4. Stok Dari Alam Terus Menipis
Ada sebagian pecinta murai batu yang lebih menyukai burung muda hutan hasil tangkapan alam dibandingkan trotolan hasil penangkaran. Alasannya, burung tangkapan alam karakternya lebih gahar, sangar, karakter fighternya lebih tinggi, dan lain sebagainya. Pendapat itu mungkin berlaku ketika ketersediaan murai batu di hutan memang masih berlimpah. Tetapi untuk saat ini, apakah itu masih berlaku ketika murai batu di habitatnya mulai habis dan jumlahnya terus tergerus? Untuk mendapatkan murai hasil tangkapan alam yang berkualitas, kini tidak segampang dulu. Karena itu, sekarang banyak penghobi yang mulai beralih memburu trotolan hasil penangkaran. Toh, di ajang-ajang latber maupun lomba, saat ini sudah banyak murai ring hasil penangkaran yang berhasil menyabet juara. Artinya, kini sudah terbukti, murai batu penangkaran tidak kalah kualitasnya dibandingkan murai batu hasil tangkapan dari alam.

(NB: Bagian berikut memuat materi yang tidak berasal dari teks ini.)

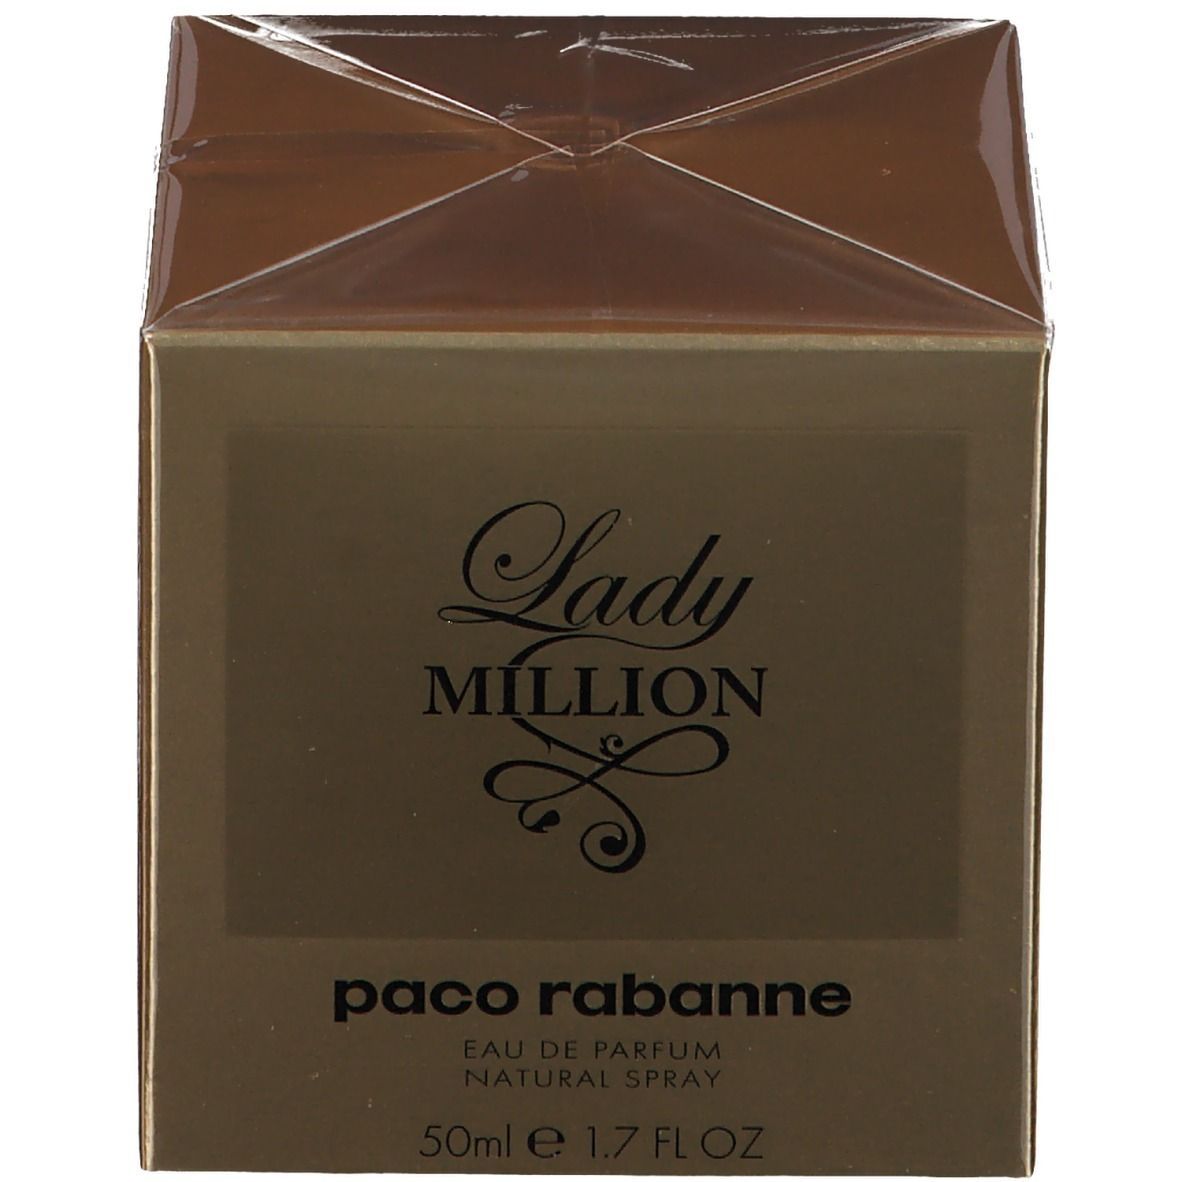 paco rabanne Lady MILLION

5. Harga “Purnajual” Relatif Tinggi
Dari sisi ekonomi, keuntungan memelihara trotolan juga cukup menarik. Ilustrasinya seperti ini:
Si Badu membeli trotolan jantan hasil penangkaran sebesar Rp. 1,5 juta. Umur trotolan 3 bulan, dan burung sudah makan vor sendiri. Pada usia itu, trotolan jantan biasanya sudah sering ngriwik dan sudah mulai belajar ngeplong. Jika motivasi awal Si Badu membeli trotolan itu hanya untuk sekedar klangenan, maka sejak saat itu Si Badu sebenarnya sudah bisa menikmati “ocehan” trotolan miliknya. Pada umur 5-7 bulan, trotolan biasanya akan jatuh bulu dan berganti bulu dewasa. Pada umur 8-10 bulan, kondisi fisik trotolan biasanya sudah berubah menjadi ganteng, layaknya burung murai dewasa. Ocehan dan lagunya juga sudah mulai variatif, bahkan tak jarang sudah mulai suka mengeluarkan isian-isian sesuai masterannya. Bahkan sering dijumpai, burung seusia itu sudah berani tampil di latberan. Nah, jika dalam kondisi seperti ini burung tadi dijual, harganya tentu saja bisa berlipat dari harga belinya.